*** DATA TO PROCESS ***
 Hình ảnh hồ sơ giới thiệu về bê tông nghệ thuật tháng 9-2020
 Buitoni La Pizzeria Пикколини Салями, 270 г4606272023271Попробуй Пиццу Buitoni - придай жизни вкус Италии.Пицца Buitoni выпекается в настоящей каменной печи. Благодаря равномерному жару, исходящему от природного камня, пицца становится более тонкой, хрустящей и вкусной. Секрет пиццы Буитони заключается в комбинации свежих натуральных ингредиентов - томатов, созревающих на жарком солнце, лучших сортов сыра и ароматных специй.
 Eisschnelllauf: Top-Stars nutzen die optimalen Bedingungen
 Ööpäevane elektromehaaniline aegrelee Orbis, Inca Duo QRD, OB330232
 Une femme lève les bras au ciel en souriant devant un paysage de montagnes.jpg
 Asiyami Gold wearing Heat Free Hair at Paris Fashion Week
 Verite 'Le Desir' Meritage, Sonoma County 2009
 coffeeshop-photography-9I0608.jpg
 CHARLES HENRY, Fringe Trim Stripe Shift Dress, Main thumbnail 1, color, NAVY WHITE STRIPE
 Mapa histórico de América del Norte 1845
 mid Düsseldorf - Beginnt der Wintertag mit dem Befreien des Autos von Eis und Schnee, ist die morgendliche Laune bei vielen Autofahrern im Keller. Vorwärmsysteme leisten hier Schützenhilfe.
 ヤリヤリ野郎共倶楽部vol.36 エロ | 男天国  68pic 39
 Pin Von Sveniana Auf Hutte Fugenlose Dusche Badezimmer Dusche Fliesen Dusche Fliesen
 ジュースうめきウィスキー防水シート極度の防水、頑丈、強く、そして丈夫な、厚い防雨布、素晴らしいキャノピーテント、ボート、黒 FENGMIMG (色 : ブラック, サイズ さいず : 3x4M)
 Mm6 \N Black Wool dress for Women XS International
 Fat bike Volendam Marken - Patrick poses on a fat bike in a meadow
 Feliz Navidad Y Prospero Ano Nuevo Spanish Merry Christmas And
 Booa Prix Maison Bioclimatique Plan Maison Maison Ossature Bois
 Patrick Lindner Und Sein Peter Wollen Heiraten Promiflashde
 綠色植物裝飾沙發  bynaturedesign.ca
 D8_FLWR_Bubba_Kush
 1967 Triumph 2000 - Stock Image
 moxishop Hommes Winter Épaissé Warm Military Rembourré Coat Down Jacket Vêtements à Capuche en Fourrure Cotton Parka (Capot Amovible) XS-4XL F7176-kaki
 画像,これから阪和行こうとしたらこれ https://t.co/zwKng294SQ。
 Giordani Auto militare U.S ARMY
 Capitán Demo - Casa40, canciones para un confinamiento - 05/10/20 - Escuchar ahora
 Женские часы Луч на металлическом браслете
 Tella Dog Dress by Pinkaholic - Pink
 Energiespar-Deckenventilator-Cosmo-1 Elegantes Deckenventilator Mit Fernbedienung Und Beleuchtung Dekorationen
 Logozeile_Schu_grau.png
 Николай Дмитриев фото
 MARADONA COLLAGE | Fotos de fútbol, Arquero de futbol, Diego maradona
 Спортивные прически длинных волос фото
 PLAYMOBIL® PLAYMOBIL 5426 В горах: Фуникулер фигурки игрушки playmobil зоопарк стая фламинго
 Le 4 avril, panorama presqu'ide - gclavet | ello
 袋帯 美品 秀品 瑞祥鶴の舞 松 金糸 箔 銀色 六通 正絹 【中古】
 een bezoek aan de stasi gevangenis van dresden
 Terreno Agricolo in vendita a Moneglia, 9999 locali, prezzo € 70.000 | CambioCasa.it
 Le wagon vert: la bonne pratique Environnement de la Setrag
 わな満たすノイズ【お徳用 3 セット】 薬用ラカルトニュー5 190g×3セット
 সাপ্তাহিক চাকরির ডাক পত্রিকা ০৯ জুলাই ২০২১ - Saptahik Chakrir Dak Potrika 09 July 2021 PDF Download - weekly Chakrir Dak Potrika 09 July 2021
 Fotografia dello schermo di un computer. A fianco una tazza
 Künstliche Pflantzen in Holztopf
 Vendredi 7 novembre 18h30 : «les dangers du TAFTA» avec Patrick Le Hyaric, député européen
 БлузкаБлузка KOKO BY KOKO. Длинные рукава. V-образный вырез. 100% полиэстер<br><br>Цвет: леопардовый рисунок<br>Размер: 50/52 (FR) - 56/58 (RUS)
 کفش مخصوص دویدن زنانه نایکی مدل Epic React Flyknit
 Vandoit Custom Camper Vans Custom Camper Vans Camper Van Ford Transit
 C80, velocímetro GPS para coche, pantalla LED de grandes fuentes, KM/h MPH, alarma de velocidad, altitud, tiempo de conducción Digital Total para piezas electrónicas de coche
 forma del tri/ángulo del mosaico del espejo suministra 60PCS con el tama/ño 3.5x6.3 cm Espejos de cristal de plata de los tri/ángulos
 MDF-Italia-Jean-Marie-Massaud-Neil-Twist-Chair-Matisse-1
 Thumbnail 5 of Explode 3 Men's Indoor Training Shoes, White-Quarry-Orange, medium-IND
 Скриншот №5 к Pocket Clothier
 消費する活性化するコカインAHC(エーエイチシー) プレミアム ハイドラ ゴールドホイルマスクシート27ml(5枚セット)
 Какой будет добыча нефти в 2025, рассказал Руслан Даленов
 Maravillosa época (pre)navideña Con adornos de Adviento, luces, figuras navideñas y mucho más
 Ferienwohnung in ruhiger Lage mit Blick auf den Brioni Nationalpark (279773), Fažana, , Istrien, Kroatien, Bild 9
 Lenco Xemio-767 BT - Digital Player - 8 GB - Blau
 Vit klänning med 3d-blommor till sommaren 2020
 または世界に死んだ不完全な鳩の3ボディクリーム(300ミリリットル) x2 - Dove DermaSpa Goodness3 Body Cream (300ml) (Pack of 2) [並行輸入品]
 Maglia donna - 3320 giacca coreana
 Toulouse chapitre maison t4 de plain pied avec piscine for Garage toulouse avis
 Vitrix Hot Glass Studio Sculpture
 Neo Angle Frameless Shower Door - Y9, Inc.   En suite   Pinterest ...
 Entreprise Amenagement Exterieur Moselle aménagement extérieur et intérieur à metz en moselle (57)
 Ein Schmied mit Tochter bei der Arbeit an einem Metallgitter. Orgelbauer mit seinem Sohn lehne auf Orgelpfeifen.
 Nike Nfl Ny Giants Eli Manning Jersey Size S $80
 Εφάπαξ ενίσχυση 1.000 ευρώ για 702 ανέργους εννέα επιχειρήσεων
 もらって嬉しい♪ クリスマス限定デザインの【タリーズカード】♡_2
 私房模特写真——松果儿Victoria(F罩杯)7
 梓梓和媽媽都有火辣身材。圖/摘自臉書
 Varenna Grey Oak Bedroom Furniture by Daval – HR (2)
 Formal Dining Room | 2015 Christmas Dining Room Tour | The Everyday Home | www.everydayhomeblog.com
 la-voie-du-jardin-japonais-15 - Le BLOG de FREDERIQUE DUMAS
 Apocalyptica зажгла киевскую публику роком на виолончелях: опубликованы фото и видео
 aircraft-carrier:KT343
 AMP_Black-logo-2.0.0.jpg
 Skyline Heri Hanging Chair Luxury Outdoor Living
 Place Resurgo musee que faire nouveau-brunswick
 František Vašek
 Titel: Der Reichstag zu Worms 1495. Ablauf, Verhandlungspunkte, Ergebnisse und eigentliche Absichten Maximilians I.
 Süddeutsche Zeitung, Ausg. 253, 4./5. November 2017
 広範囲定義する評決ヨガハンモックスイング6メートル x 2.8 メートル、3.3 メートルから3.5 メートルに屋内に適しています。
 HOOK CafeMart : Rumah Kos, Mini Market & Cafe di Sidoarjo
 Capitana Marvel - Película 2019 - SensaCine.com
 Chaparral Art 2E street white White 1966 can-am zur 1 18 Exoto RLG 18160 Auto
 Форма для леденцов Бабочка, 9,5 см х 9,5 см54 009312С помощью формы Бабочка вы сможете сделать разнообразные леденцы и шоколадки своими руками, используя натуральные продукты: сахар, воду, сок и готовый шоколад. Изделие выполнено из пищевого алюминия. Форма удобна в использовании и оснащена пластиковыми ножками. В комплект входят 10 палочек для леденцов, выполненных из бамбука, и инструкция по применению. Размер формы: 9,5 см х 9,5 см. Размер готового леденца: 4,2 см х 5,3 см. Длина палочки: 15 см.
*** End of DATA TO PROCESS ***
§ TASK DESCRIPTION
Scan the lines above for the word "avec" and copy every one where it occurs.

§ RESPONSE BOX
 Vendredi 7 novembre 18h30 : «les dangers du TAFTA» avec Patrick Le Hyaric, député européen
 Toulouse chapitre maison t4 de plain pied avec piscine for Garage toulouse avis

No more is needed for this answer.